STRASBOURG, October 8 (RAPSI, Ingrid Burke) - The European Court of Human Rights (ECHR) rejected a request for referral to the Grand Chamber Thursday of a case involving the rights of two Jehovah’s Witnesses in Russia whose medical records were disclosed to prosecution authorities as a consequence of their refusal to accept blood transfusions.

The ECHR found that the applicants’ rights had been violated in June. According to an ECHR information sheet, cases can be referred to the Grand Chamber at the request of parties after a chamber judgment has been rendered. A panel of judges decides whether or not the case should be referred, to be considered anew. 
According to the website of the international Jehovah’s Witnesses religious organization, adherents do not categorically reject all forms of medical treatment. The organization does, however, reject certain specific treatments, including blood transfusions. As explained by the website: “Some treatments conflict with Bible principles… and we reject these. For example, we don’t accept blood transfusions because the Bible forbids taking in blood to sustain the body. (Acts 15:20) Likewise, the Bible prohibits health treatments or procedures that include occult practices.—Galatians 5:19-21.”

According to June’s ECHR judgment, in light of a pending prosecutorial inquiry into the religious organization, a St. Petersburg Deputy City Prosecutor had asked the local health authorities to instruct all of the city’s medical institutions to report each instance of the refusal by Jehovah’s Witnesses to accept the transfusion of blood or blood components. The prosecutor had written a letter in June 2007 explaining: “the city prosecutor’s office is investigating the lawfulness of the activity of the religious organisation known as the Administrative Centre of Jehovah’s Witnesses in Russia. The ideology of the said organisation forbids its adherents to accept transfusions of blood or blood components. An investigation has established that in a series of cases refusals of blood transfusions hindered the administration of qualified medical care and aggravated the illness. In view of the above, I request that you instruct all medical institutions in St Petersburg to inform the committee, without delay, of any incidents of refusal of transfusion of blood or its components by individuals who are members of the said religious organisation.”

The applicants before the ECHR include the Administrative Centre of Jehovah’s Witnesses in Russia (ACJW-Russia), as well as three Russian nationals: Yekaterina Avilkina (b. 2006) – who underwent chemotherapy via a “non-blood management treatment plan” in a public hospital which ultimately reported her case to prosecutors; Nina Dubinina (b. 1959) – whose request for a non-blood management treatment was rejected by a public hospital, which in turn refrained from reporting her case to prosecutors; and Valentina Zhukova (b. 1956) – whose records were disclosed to prosecutors after she underwent an operation without the use of foreign blood.

The court considered the complaints of Avilkina and Zhukova, but held that the applications filed by Dubinina and ACJW-Russia were inadmissible due to the fact that neither was directly impacted by the alleged rights violation.

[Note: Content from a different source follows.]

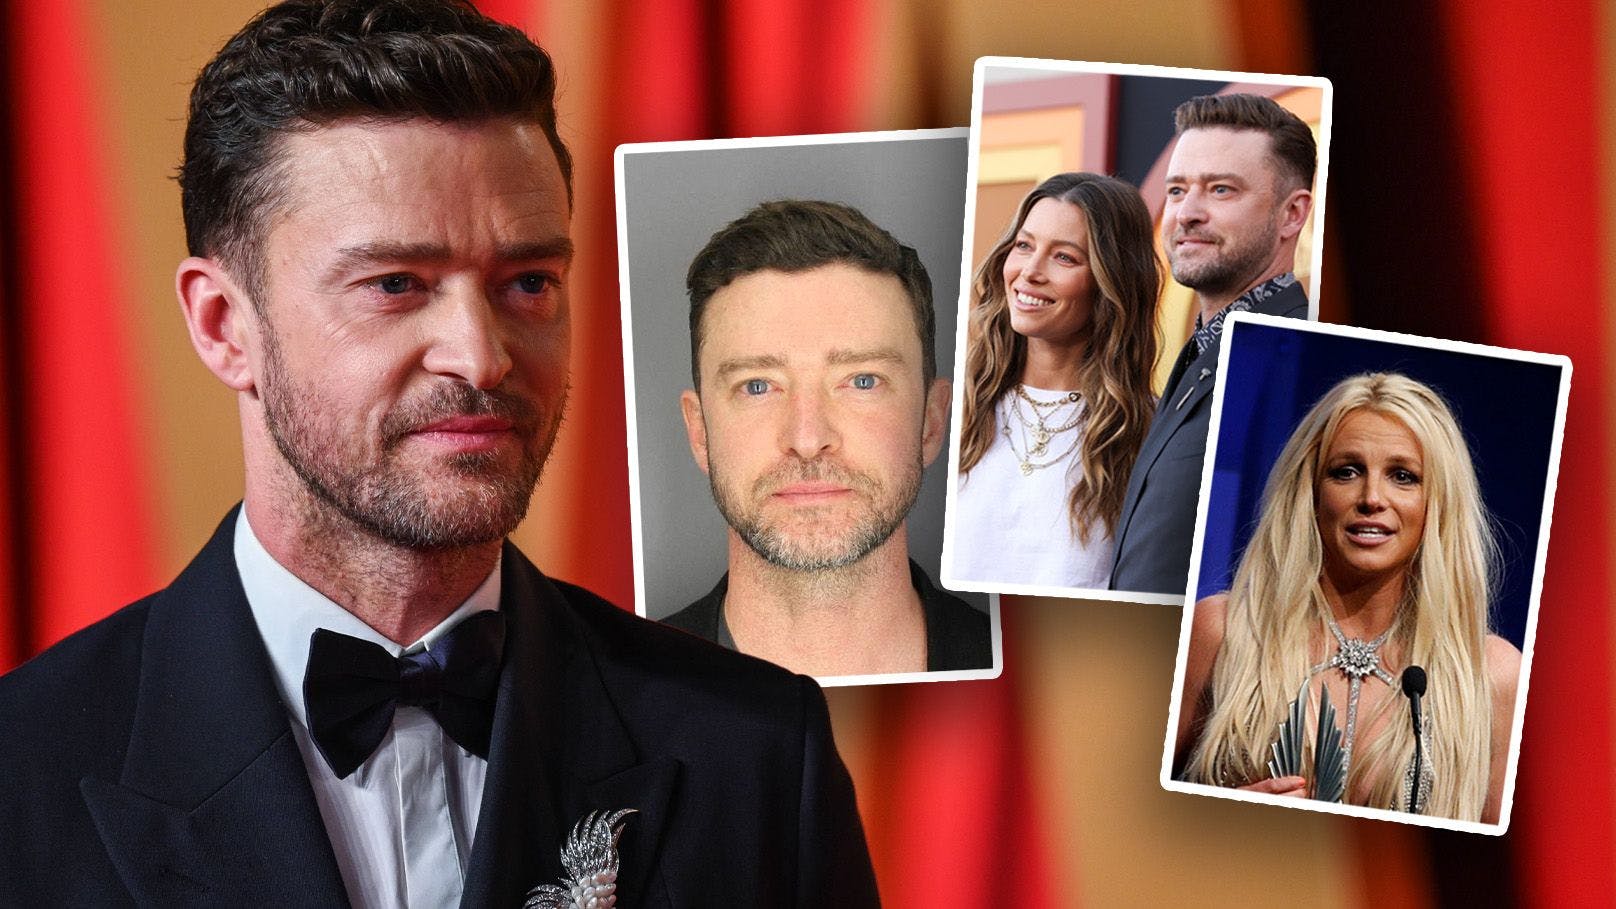 Skandalwelle um Timberlake – ist seine Karriere vorbei?

In the case of Dubinina, this was due to the fact that her medical records were not subject to disclosure.
In finding that the rights of Avilkina and Zhukova had been violated, the ECHR reasoned that the disclosure of their medical records had not been anchored in a pressing social need. The applicants had not been somehow implicated in any criminal investigations. The treating medical centers had not reported any suspicions of criminal activity to prosecutors. In fact, the doctors treating Avilkina – who was two years old at the time – were entitled to seek judicial authorization for a blood transfusion if the situation became dire. Furthermore, there was no evidence that Zhukova’s refusal to accept a blood transfusion came from any other source than her own will.

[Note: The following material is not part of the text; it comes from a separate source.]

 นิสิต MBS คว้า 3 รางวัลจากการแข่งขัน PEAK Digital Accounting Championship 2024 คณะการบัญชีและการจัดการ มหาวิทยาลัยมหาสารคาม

Accordingly, in the ECHR’s view: “In such circumstances, the Court does not discern any pressing social need for requesting the disclosure of the confidential medical information concerning the applicants. It therefore considers that the means employed by the prosecutor in conducting the inquiry need not have been so oppressive for the applicants.”

The ECHR held that the relevant national court judgments had not reflected adequate efforts by national authorities to balance the prosecutors’ interest in public health with the applicants’ privacy interests. Furthermore, the ECHR asserted that there had been a lack of relevant or sufficient reasons to justify the disclosure of the records.

Accordingly, the court held: “The above considerations are sufficient for the Court to conclude that the collection by the prosecutor’s office of confidential medical information concerning the applicants was not accompanied by sufficient safeguards to prevent disclosure inconsistent with the respect for the applicants’ private life guaranteed under Article 8 of the Convention.”